Consider the graph. Which of the following could be the equation of the parabola? Is it A) 𝑦 equals 𝑥 plus one times 𝑥 plus five, B) 𝑦 equals negative 𝑥 plus one times 𝑥 plus five, C) 𝑦 equals negative 𝑥 plus one times 𝑥 minus five, D) 𝑦 equals 𝑥 minus one times 𝑥 minus five, or E) 𝑦 equals negative 𝑥 minus one times 𝑥 minus five?
This parabola is a quadratic graph. That means its equation has a power of 𝑥 no larger than two. We’re going to need decide which quadratic equation represents the equation of this graph. So, let’s consider what else we know about the shape of the curve. When a quadratic equation has a positive leading coefficient — that is, the coefficient of 𝑥 squared is positive — we have a U-shaped parabola. When, however, the coefficient of 𝑥 squared is negative — that is, 𝑦 equals negative 𝑥 squared, 𝑦 equals negative five 𝑥 squared plus two 𝑥, and so on — we have what we might call an inverted parabola as shown.
Now, we can see that the parabola on our curve is indeed inverted, so we know that the leading coefficient, in that case the coefficient of 𝑥 squared, is negative.
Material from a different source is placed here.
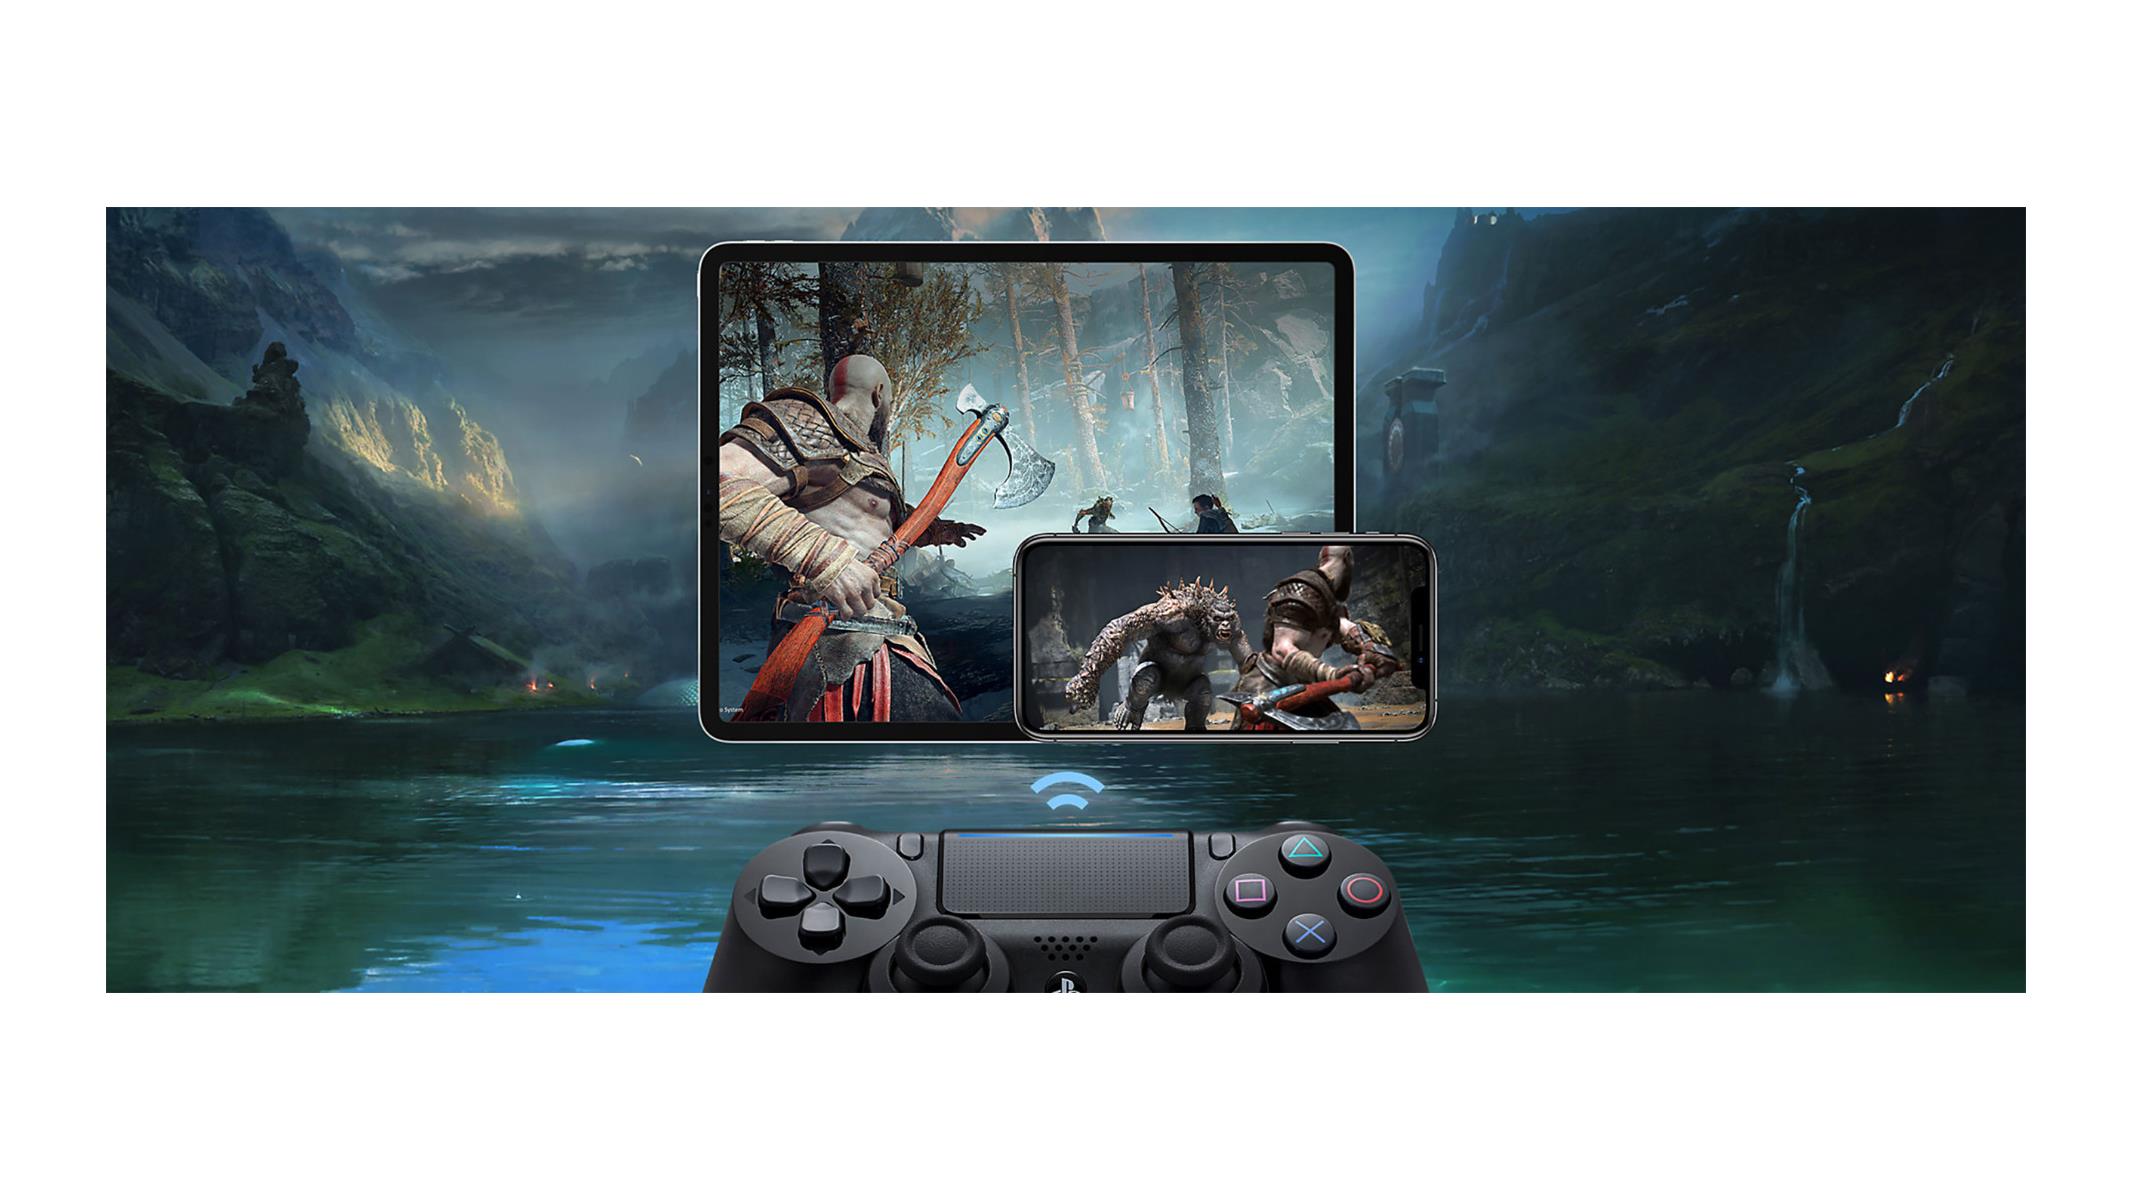 remote play ps4 nintendo switch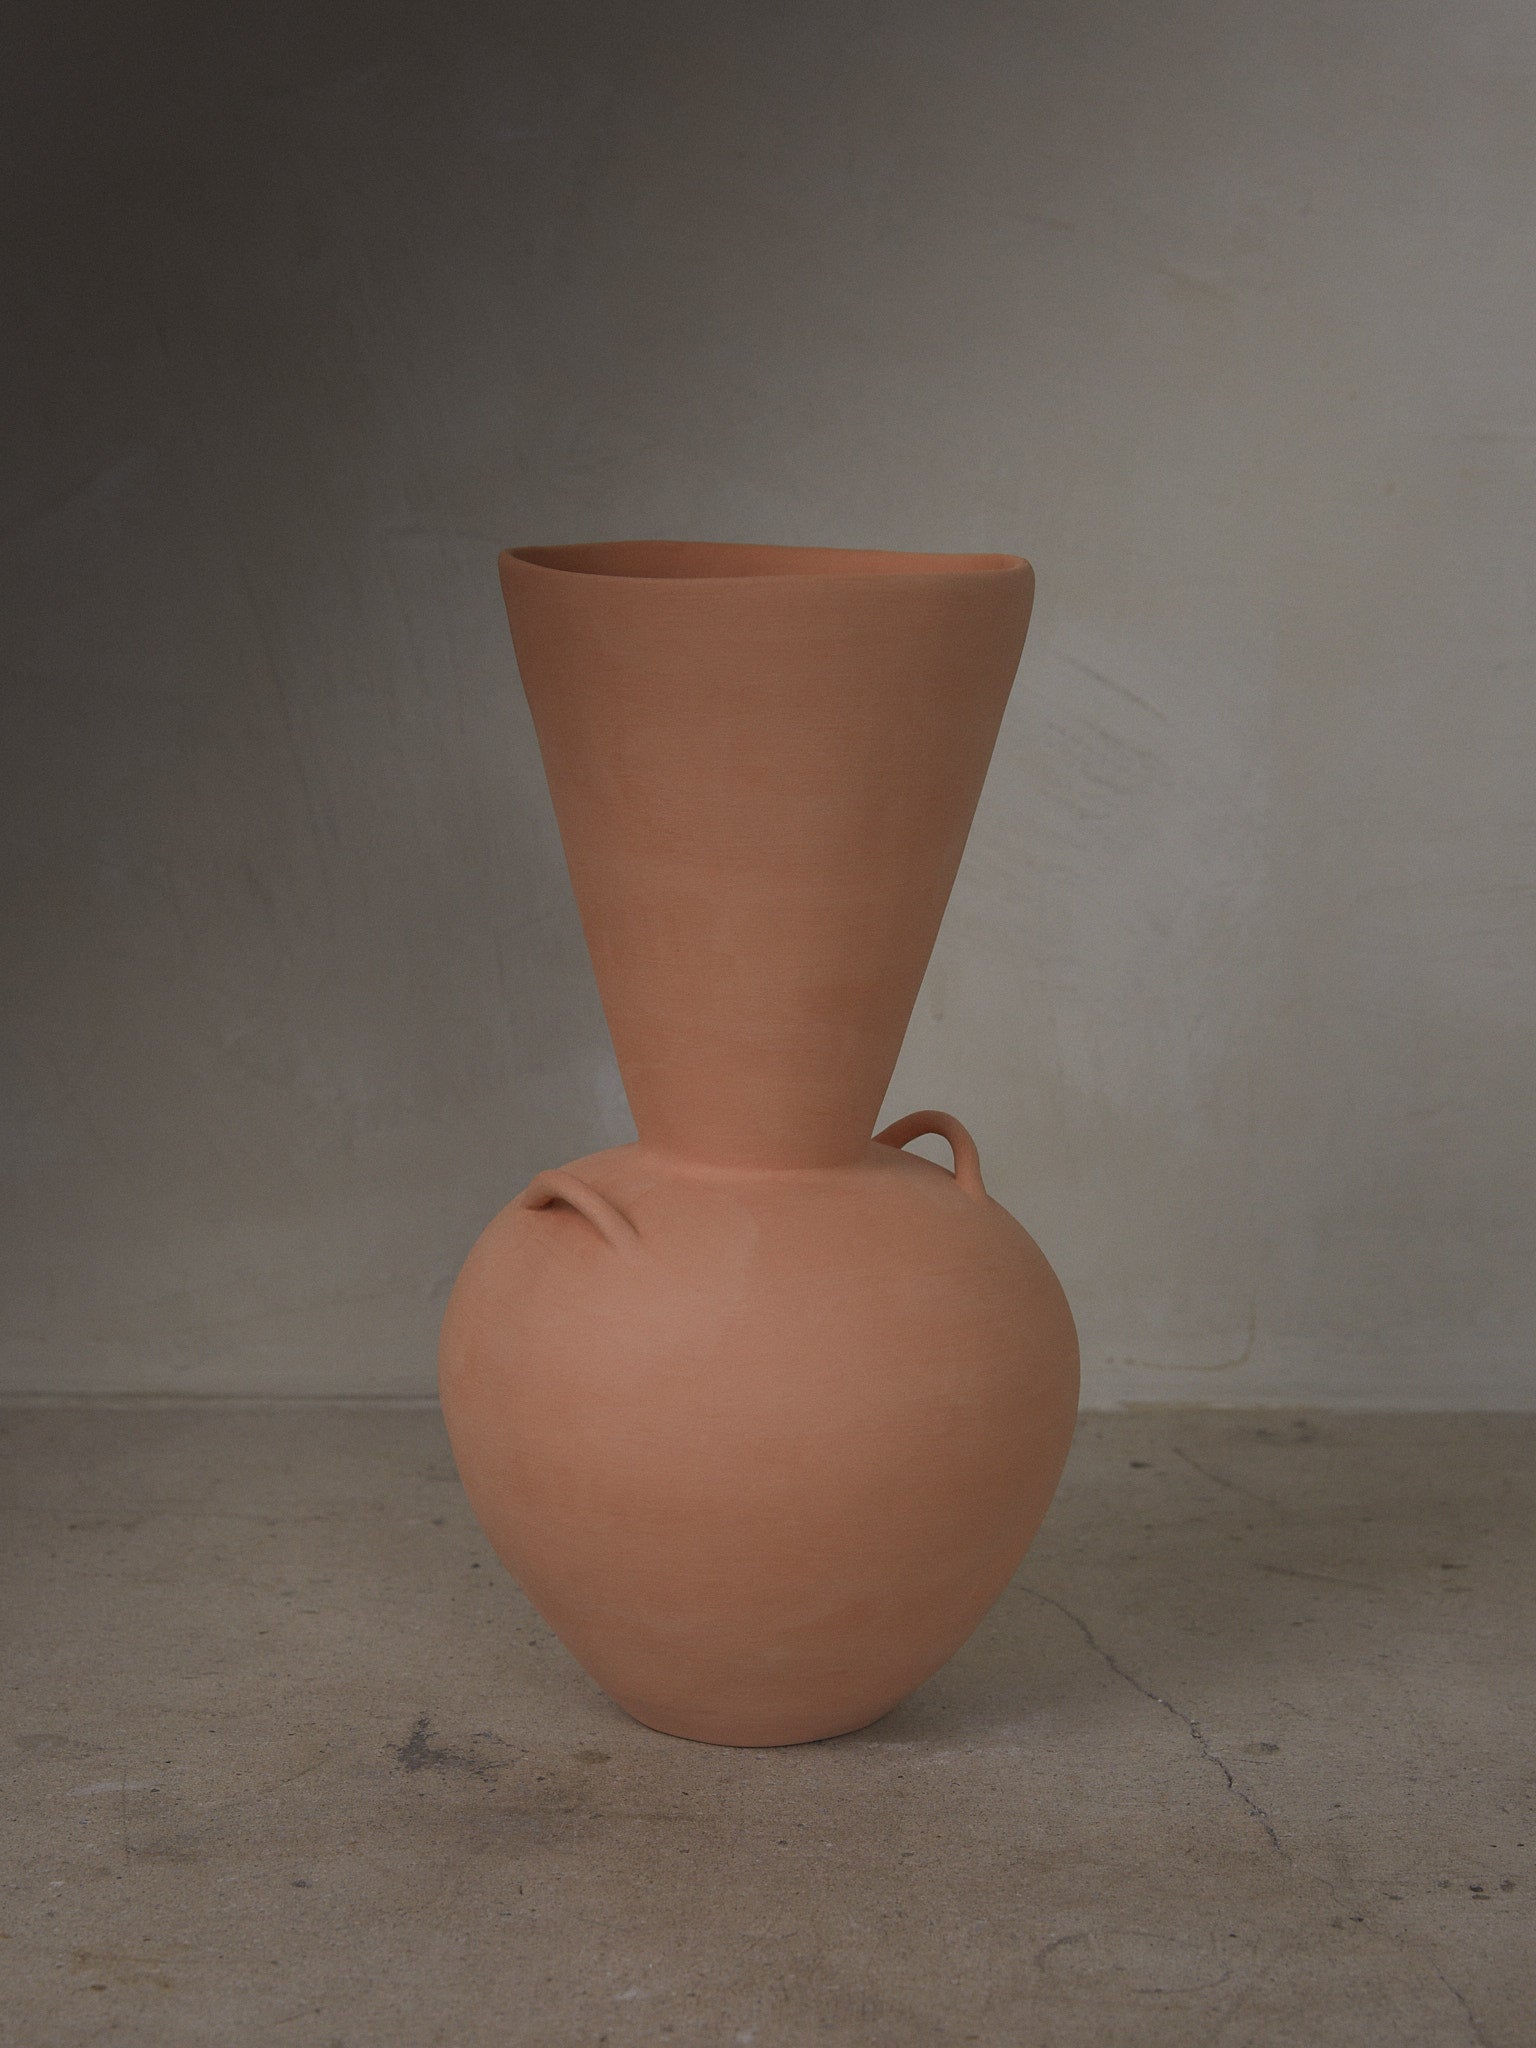 Terracotta Vase. Handmade terracotta vase with low, rounded bodice, stately neck and decorative side handles created with a modeling technique featuring traces of the artistic process.

And this actually means we can already disregard two of our equations. We’re going to disregard equation A, 𝑦 equals 𝑥 plus one times 𝑥 plus five, and equation D, 𝑦 equals 𝑥 minus one times 𝑥 minus five. And that’s because when we multiply two binomials of the form 𝑥 plus some constant 𝑎 and 𝑥 plus some constant 𝑏, we begin by multiplying the first term in each expression. So, that’s 𝑥 times 𝑥, which gives us the 𝑥 squared. Now, of course, we have three other terms when we multiply, but actually we get that positive leading coefficient of 𝑥 squared, so we know that we can disregard A and D.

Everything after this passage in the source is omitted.